According to Jason Silverstein at The Altantic, racism isn’t just bad for society and bad for our civil rights; it is quite literally bad for your health.

He points to a variety of studies that convey a relationship between health and discrimination.

Programs like “Stop and Frisk” are prime examples of institutionalized discrimination, and just the fear of falling victim to such policies has serious physical and emotional ramifications.

From The Atlantic:

A new study by Kathryn Freeman Anderson in Sociological Inquiry adds evidence to the hypothesis that racism harms health. To study the connection, Anderson analyzed the massive 2004 Behavioral Risk Factor Surveillance System, which includes data for other 30,000 people. Conceptually, she proposes a simple pathway with two clear steps. First, because of the prevalence of racial discrimination, being a racial minority leads to greater stress. Not surprisingly, Anderson found that 18.2 percent of black participants experienced emotional stress and 9.8 percent experienced physical stress. Comparatively, only 3.5 and 1.6 percent of whites experienced emotional and physical stress, respectively.

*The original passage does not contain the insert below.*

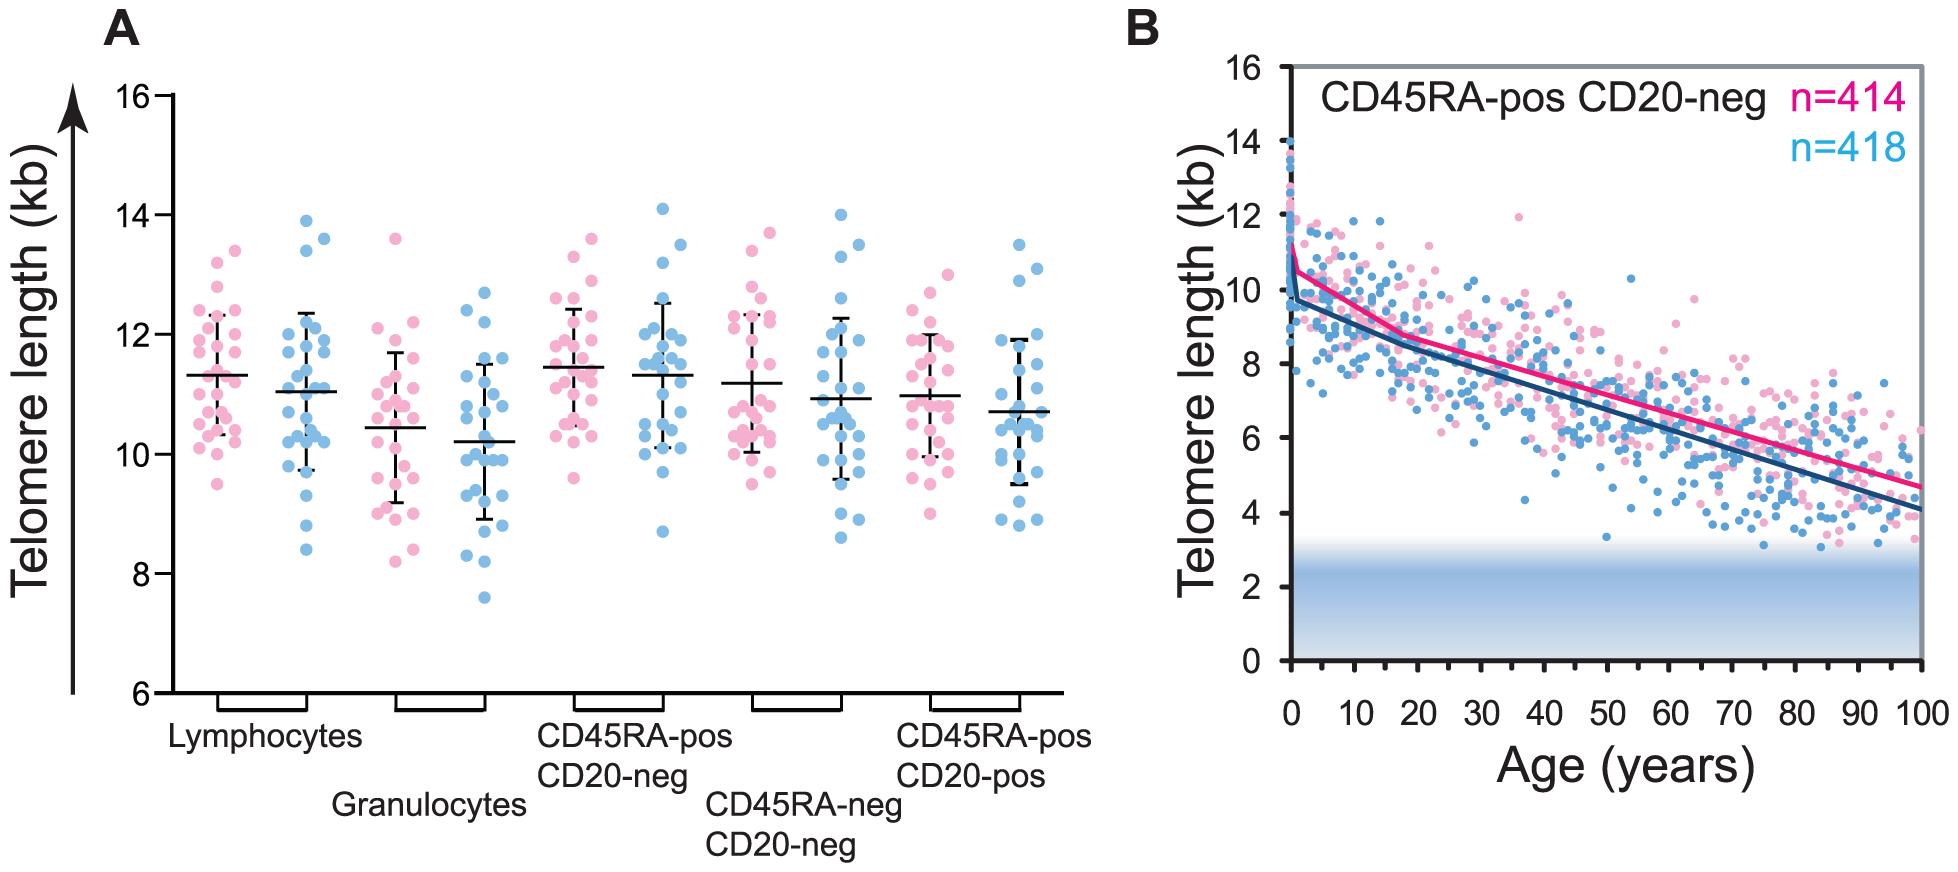 Gender differences in leukocyte telomere length.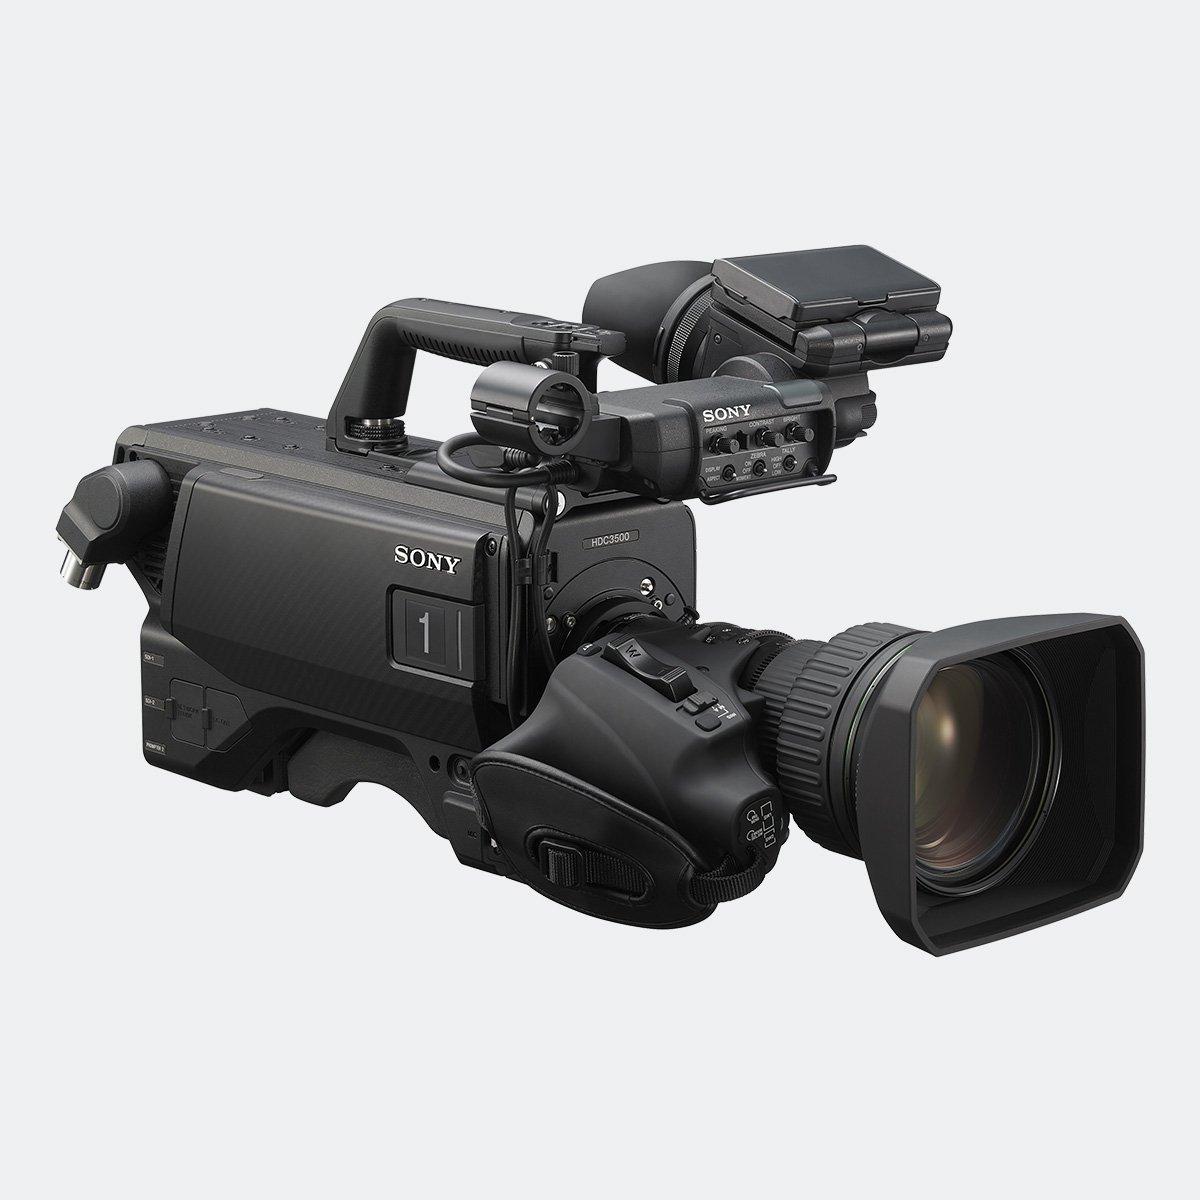 Sony HDC-3500 4K Camera System

Second, this stress leads to poorer mental and physical health. But this is not only because stress breaks the body down. It is also because stress pushes people to cope in unhealthy ways. When we feel stressed, we may want a drink and, if we want a drink, we may also want a cigarette. But discrimination is not just any form of stress. It is a type of stress that disproportionately affects minorities.

Here we see how racism works in a cycle to damage health. People at a social disadvantage are more likely to experience stress from racism. And they are less likely to have the resources to extinguish this stress, because they are at a social disadvantage.